SOURCE MATERIAL —

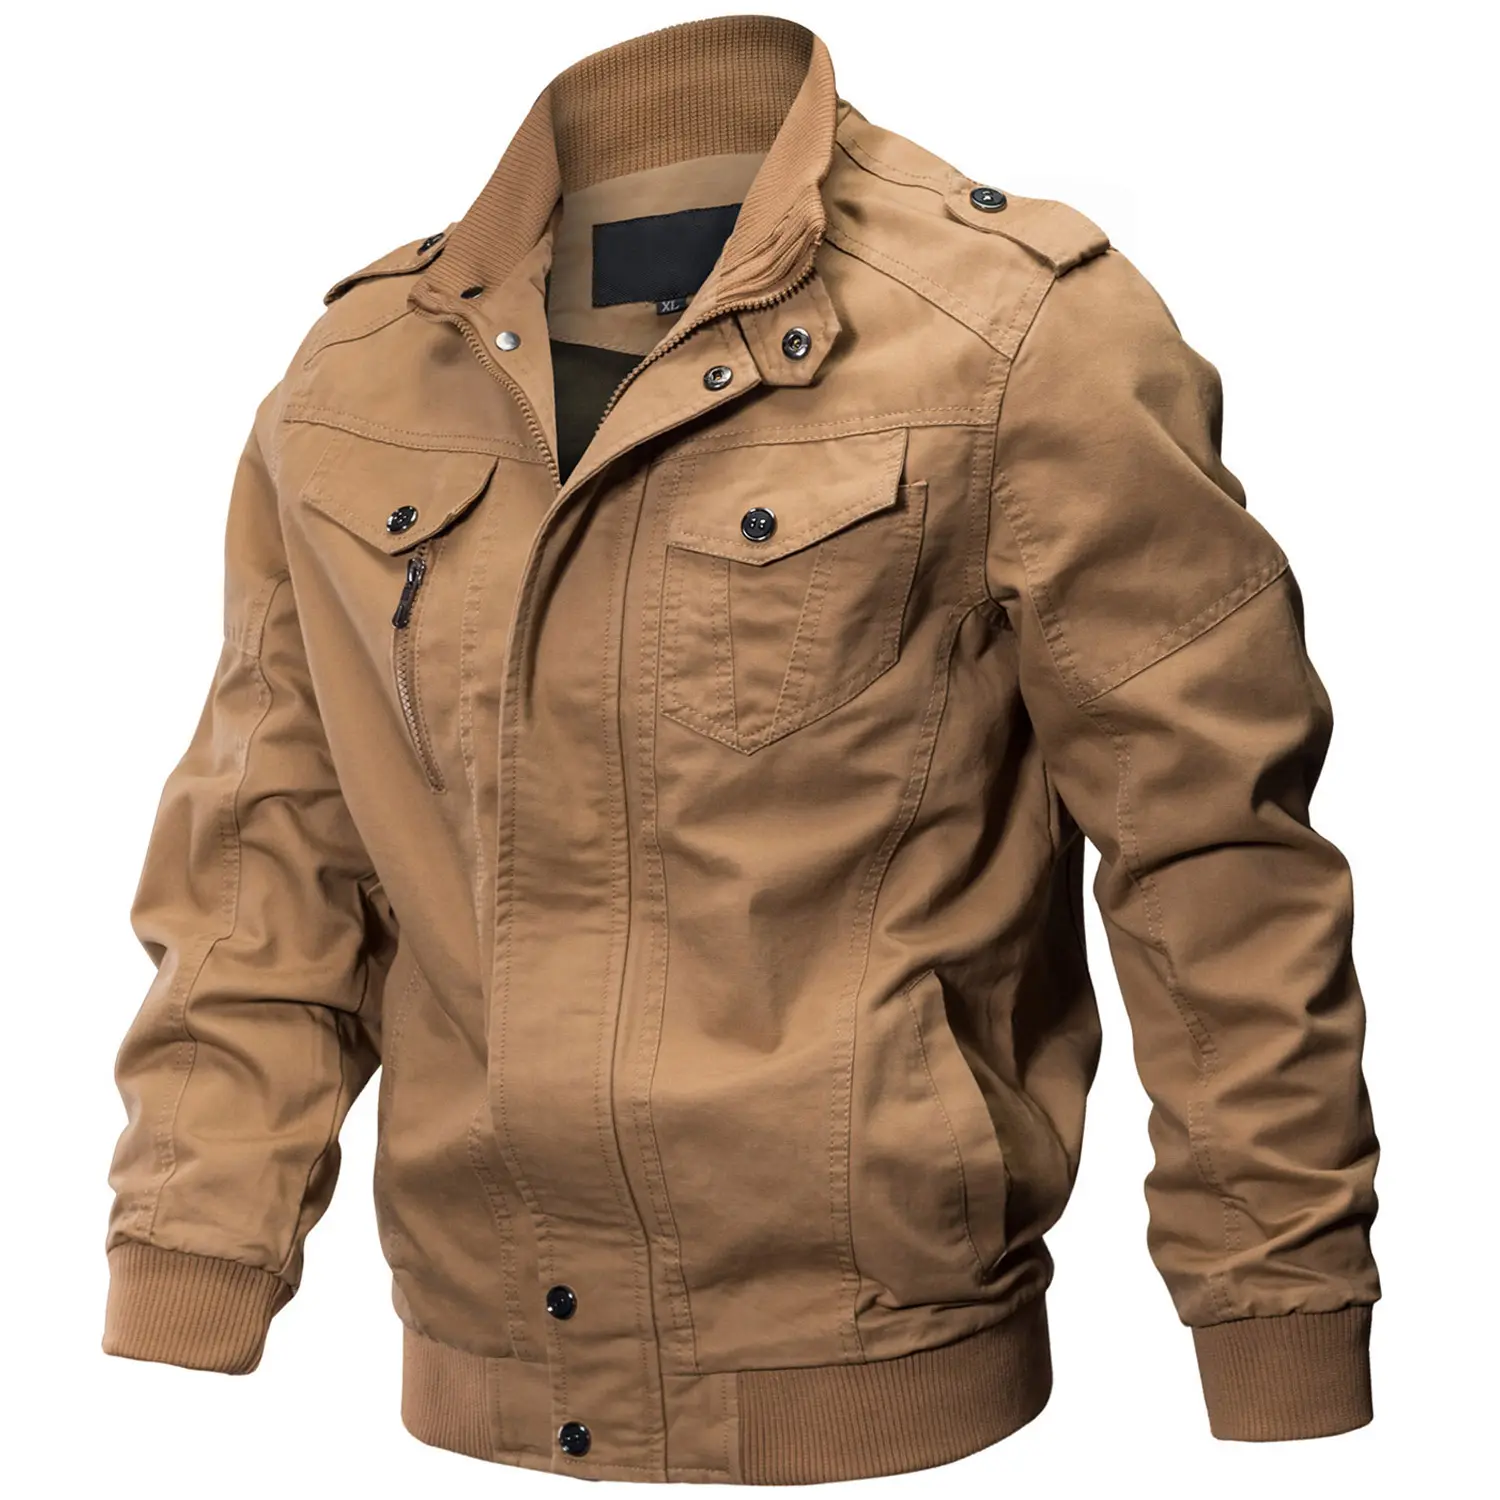 Pakaian Vintage Retro risleting penuh desain baru, dengan saku ritsleting, jaket Bomber Pilot kasual musim gugur, pakaian luar kargo
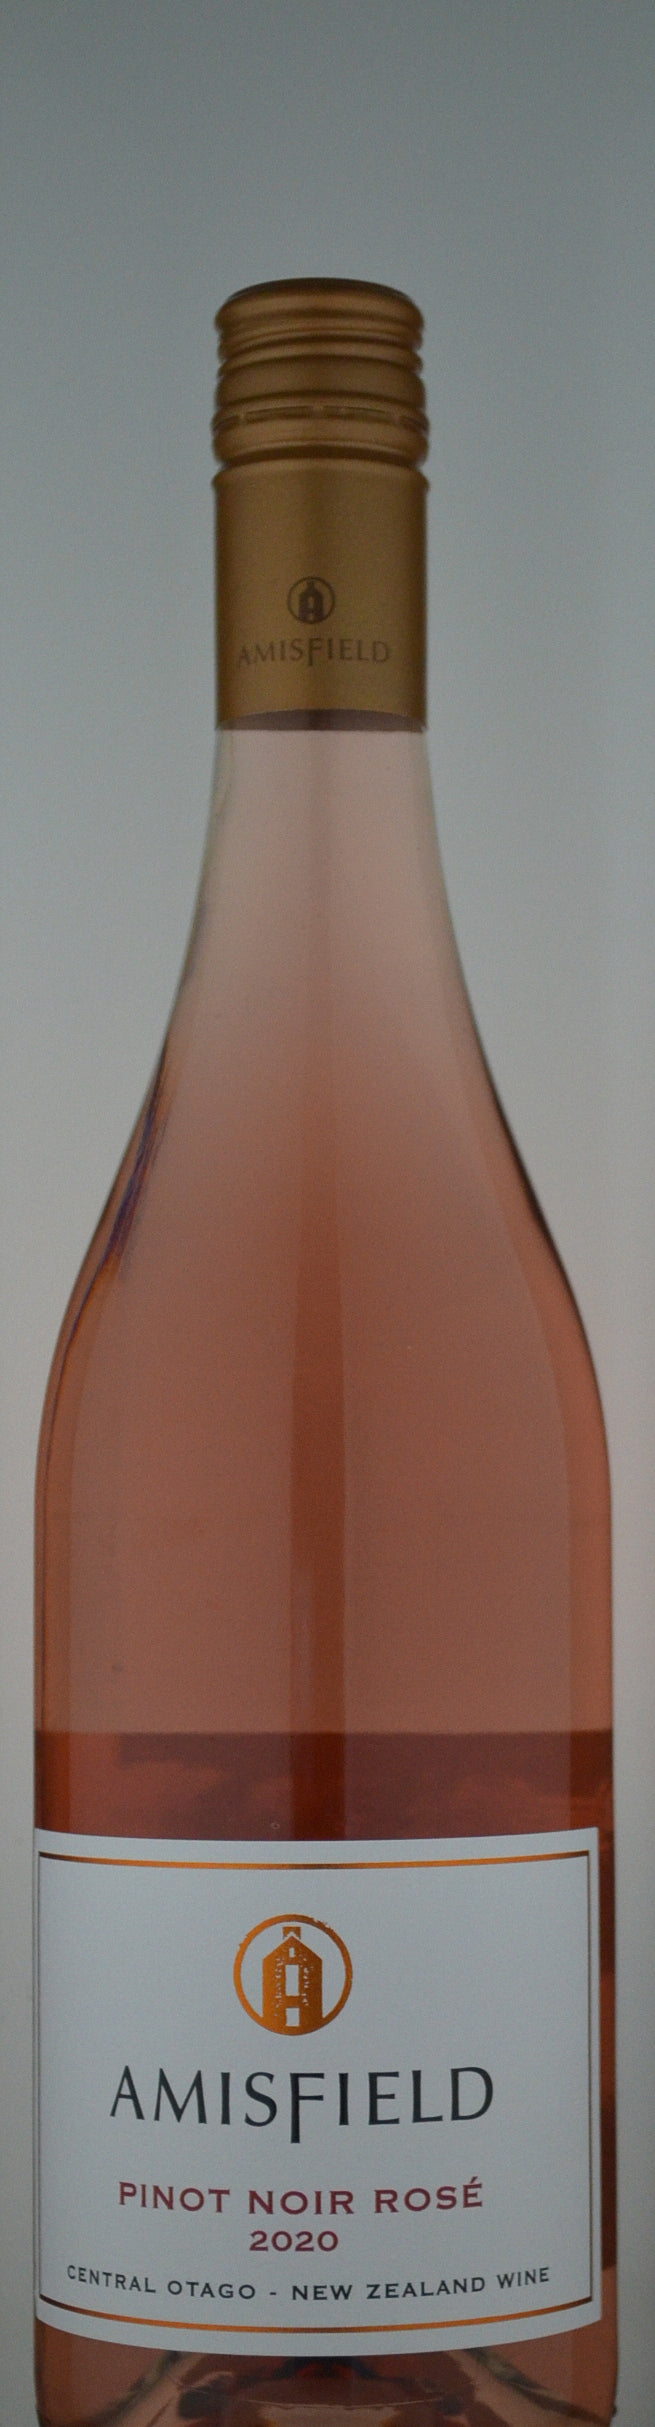 Amisfield Pinot Noir Rose 2020
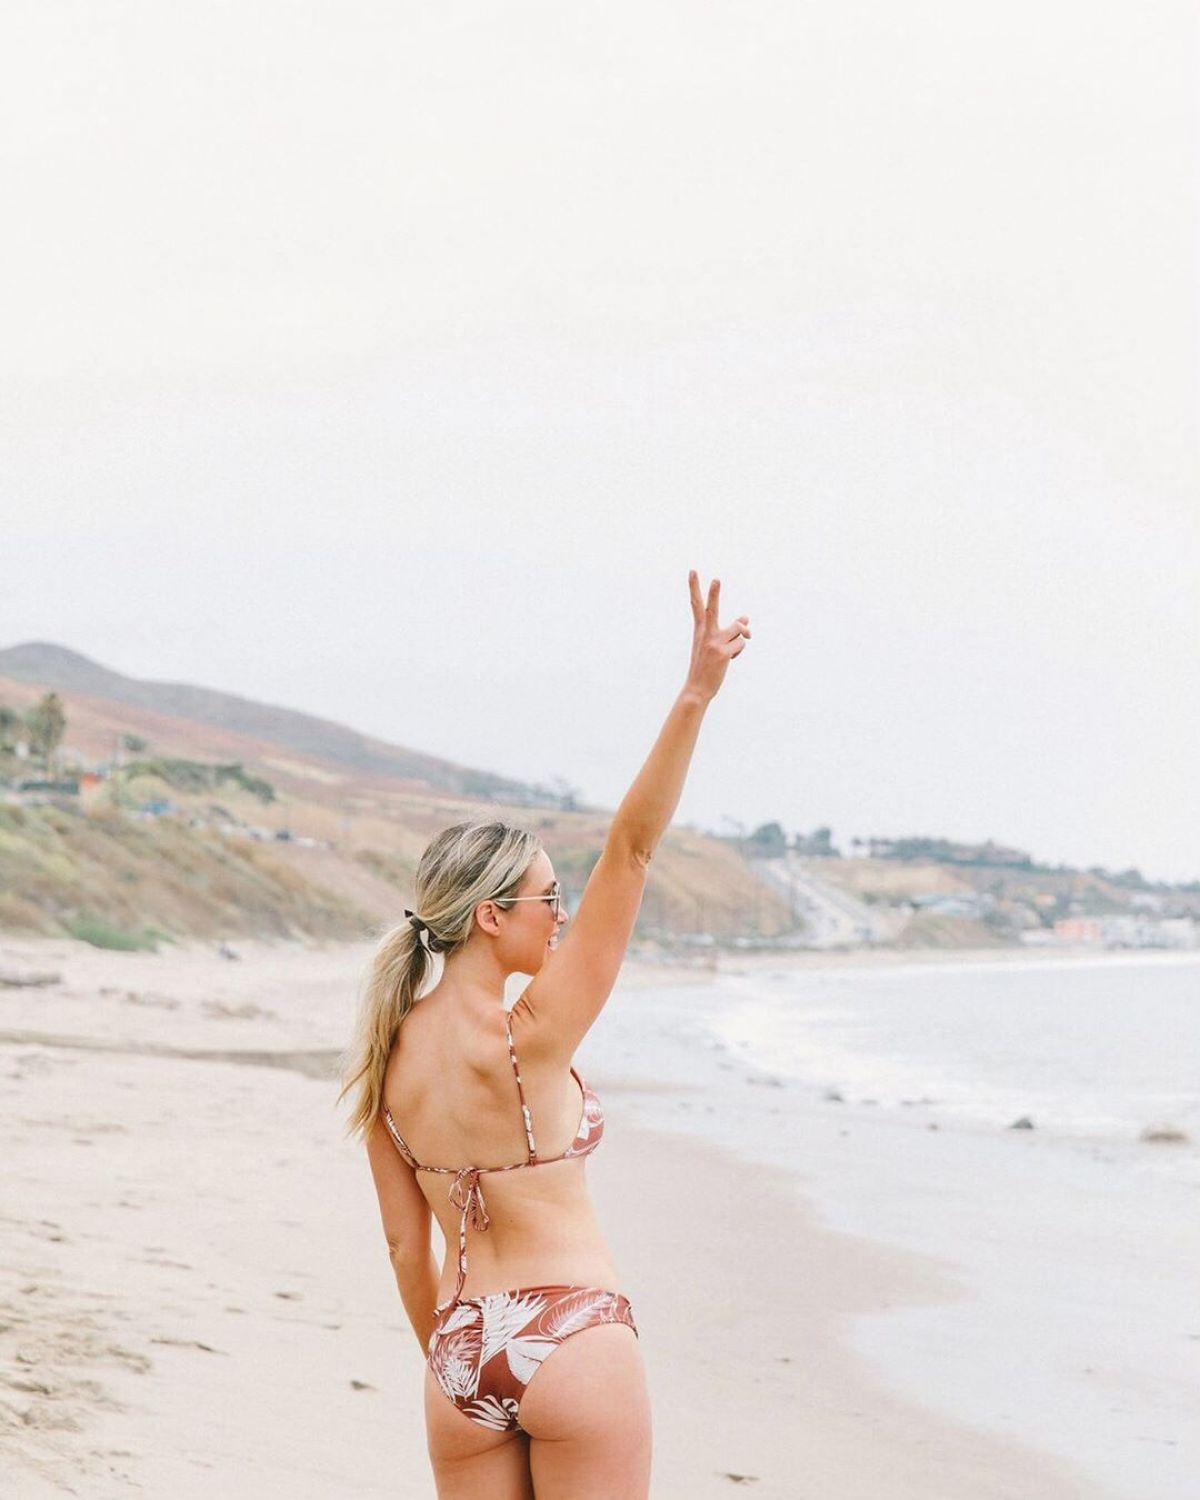 KATRINA BOWDEN in Bikini - Instagram Pictures 06/05/2019.

ABOUT THIS TASK —
Write out the listing above exactly, images omitted.

EXPECTED OUTPUT —
 Pakaian Vintage Retro risleting penuh desain baru, dengan saku ritsleting, jaket Bomber Pilot kasual musim gugur, pakaian luar kargo
 Amisfield Pinot Noir Rose 2020
 KATRINA BOWDEN in Bikini - Instagram Pictures 06/05/2019.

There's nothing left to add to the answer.